## The problem
Keep the text of the data exactly as it is and omit each picture from the copy.

## Dataset excerpt
# # # # # # #

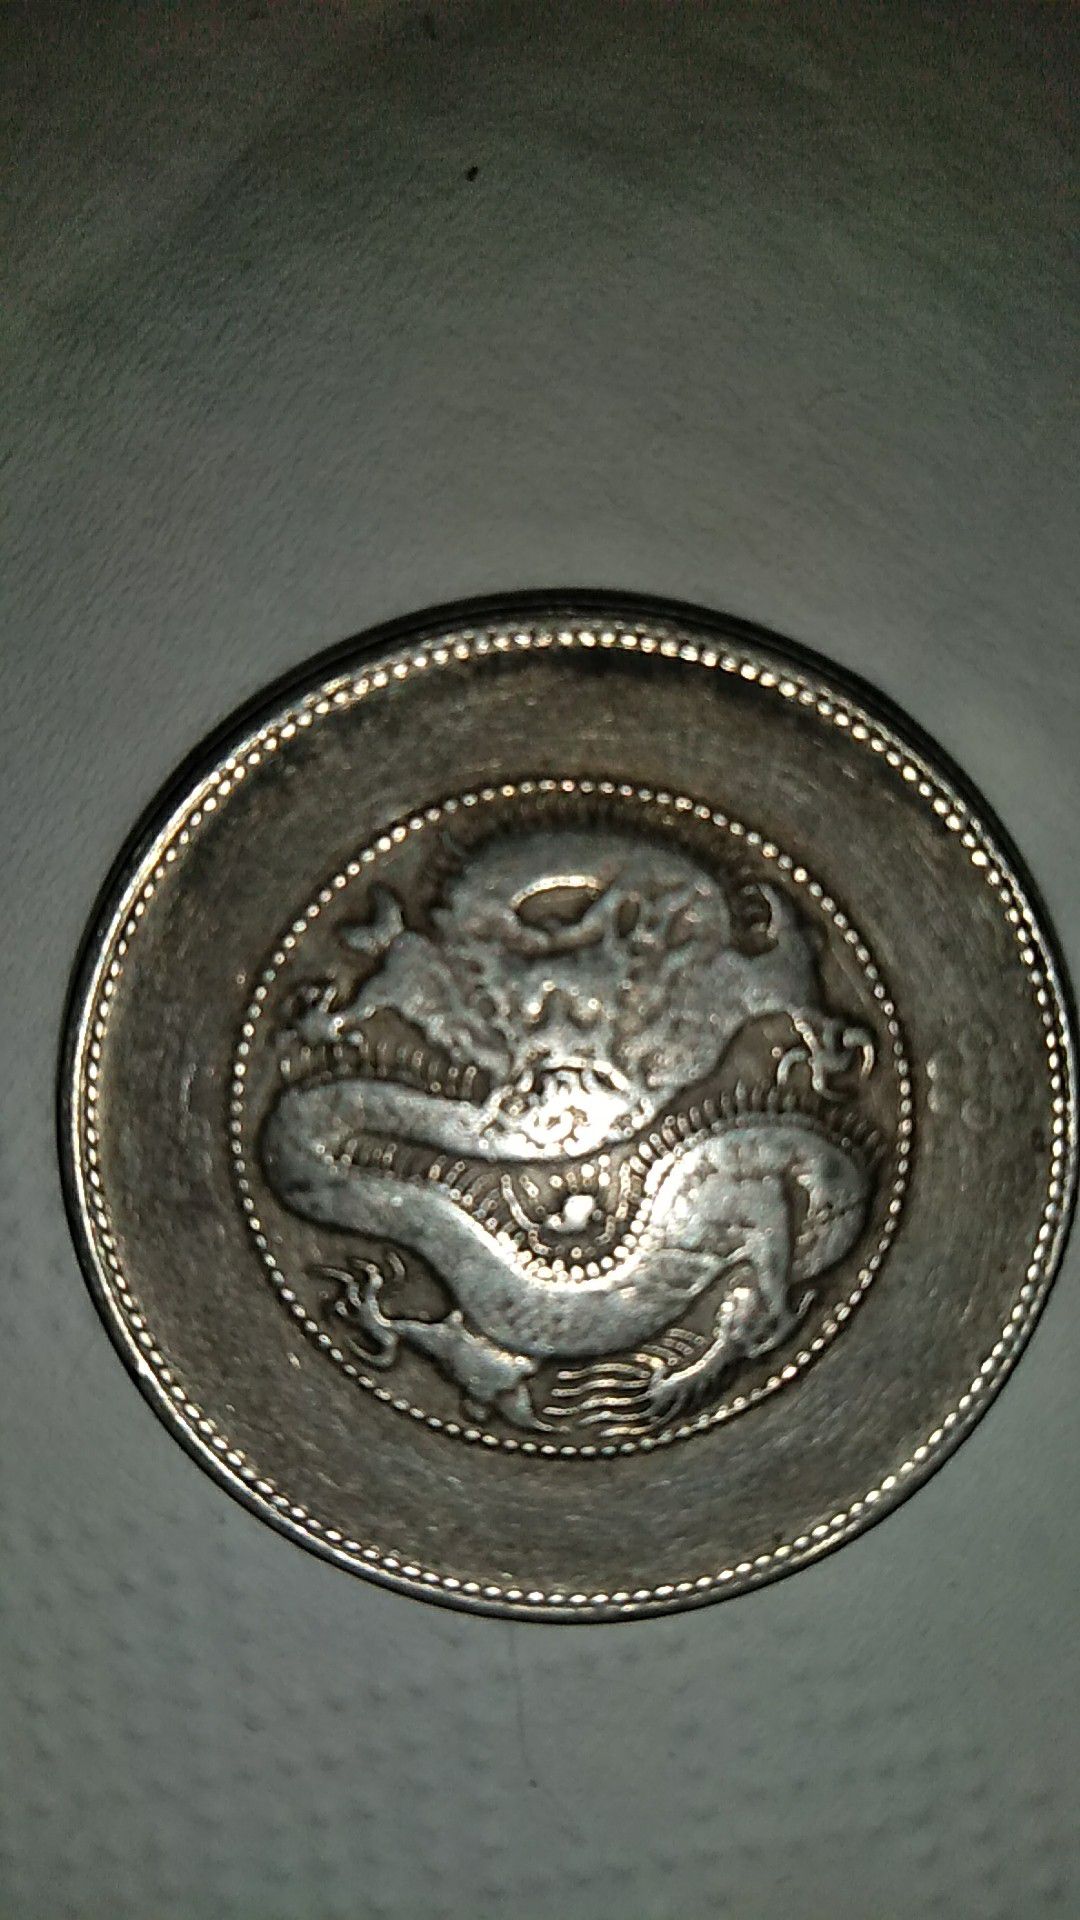 1920-35 Chinese 50 cent piece.
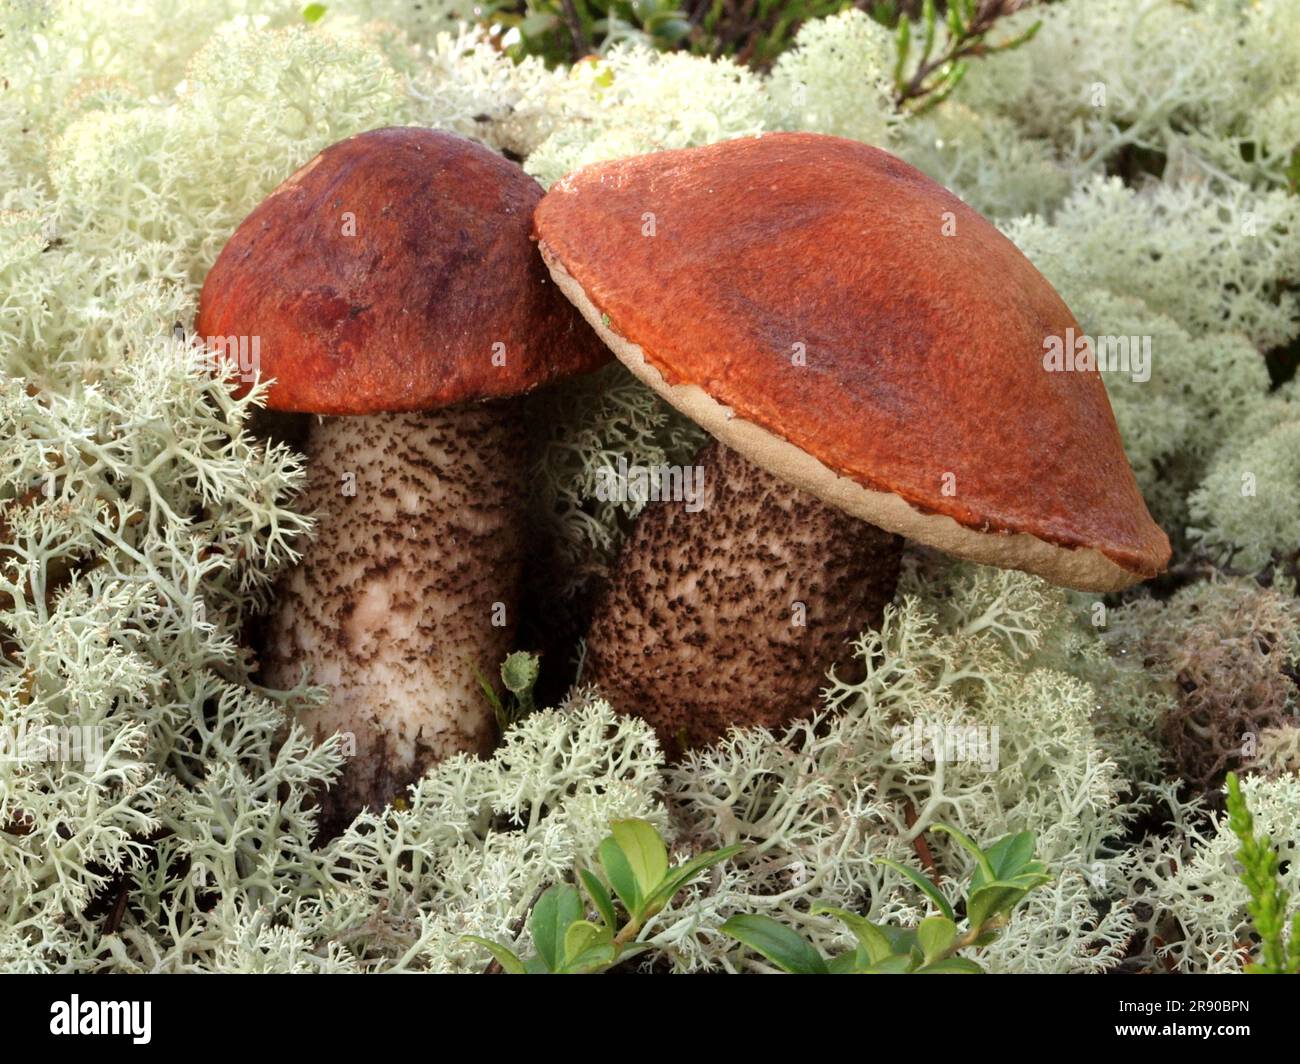 Leccinum vulpinum, commonly known as the foxy bolete, (3) is a bolete fungus in the genus Leccinum that is found in Europe. An edible species, it Stock Photo
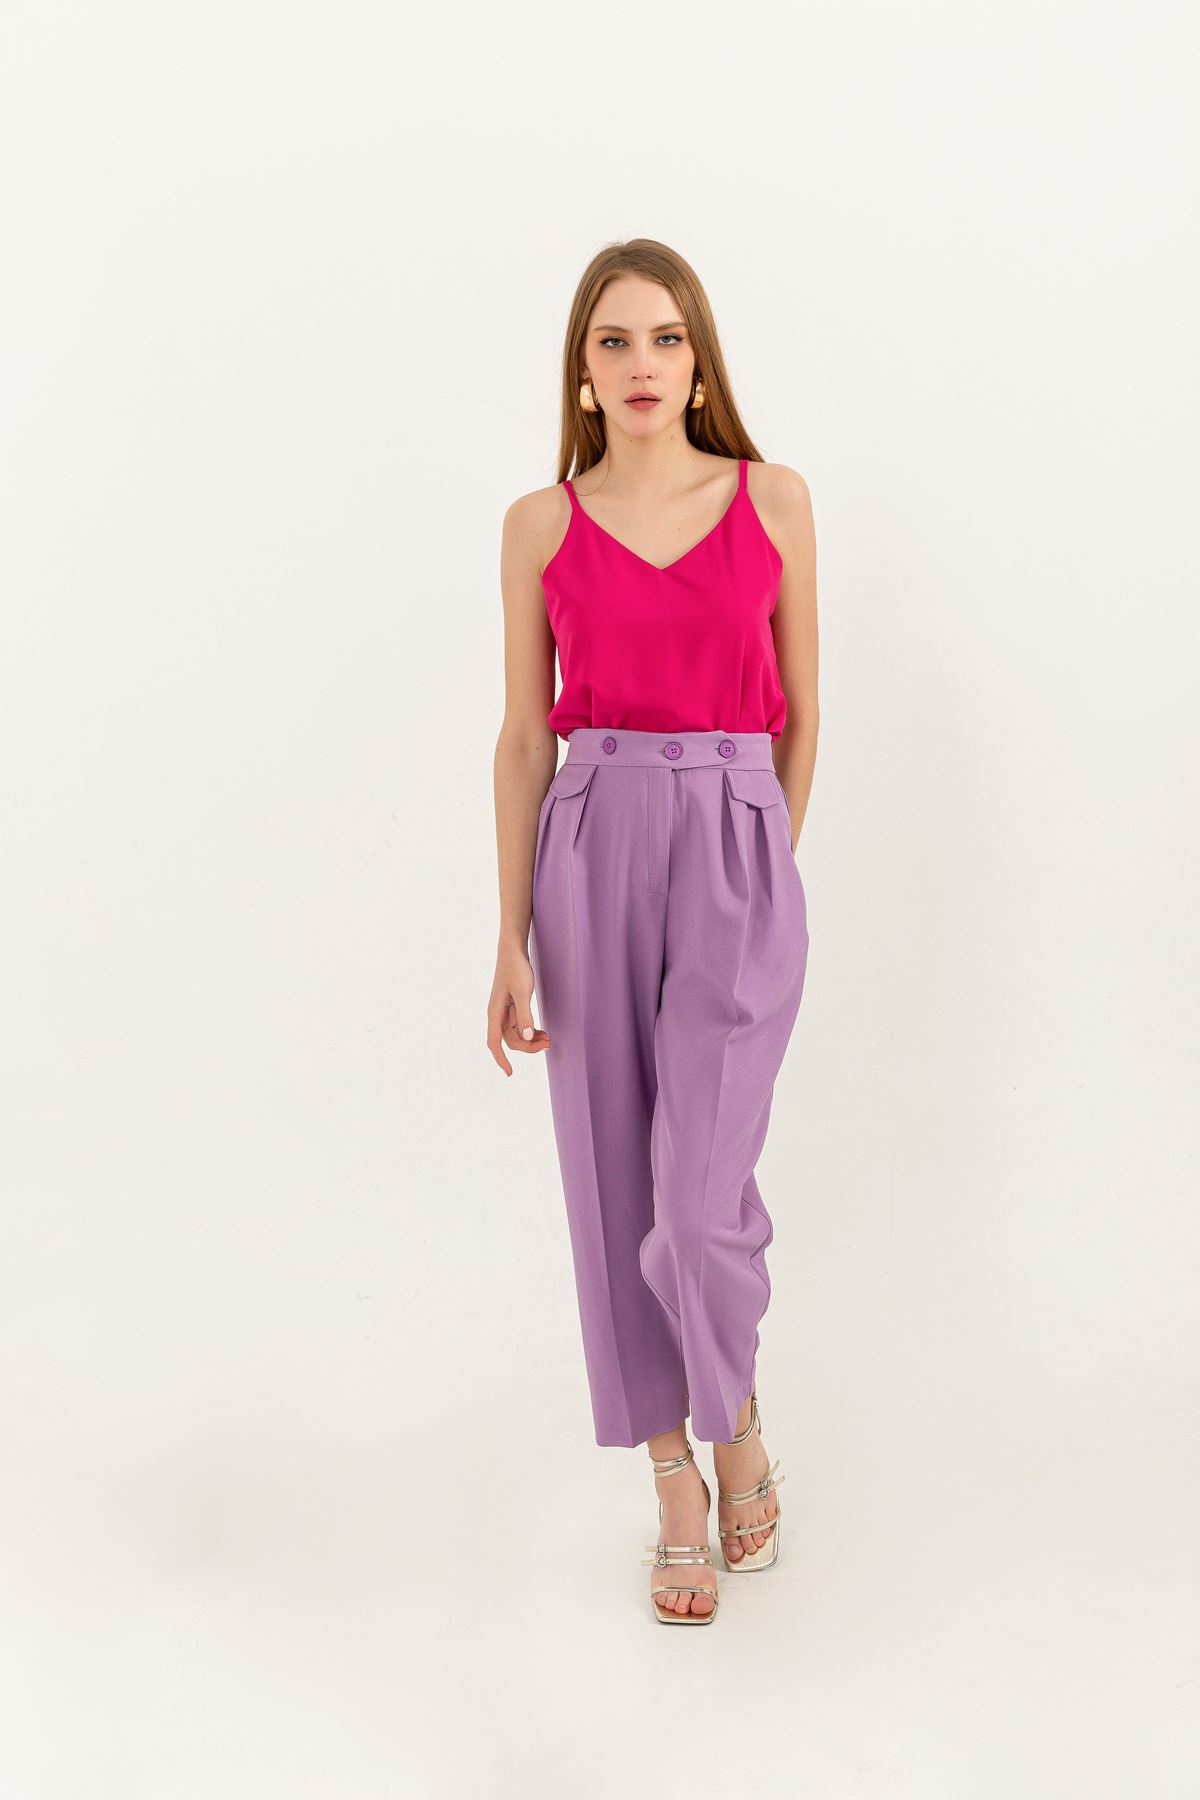 Atlas Fabric Ankle Length Carrot Style Women Trouser-Lilac

# # # # # # #

## Response area
 1920-35 Chinese 50 cent piece.
 Leccinum vulpinum, commonly known as the foxy bolete, (3) is a bolete fungus in the genus Leccinum that is found in Europe. An edible species, it Stock Photo
 Atlas Fabric Ankle Length Carrot Style Women Trouser-Lilac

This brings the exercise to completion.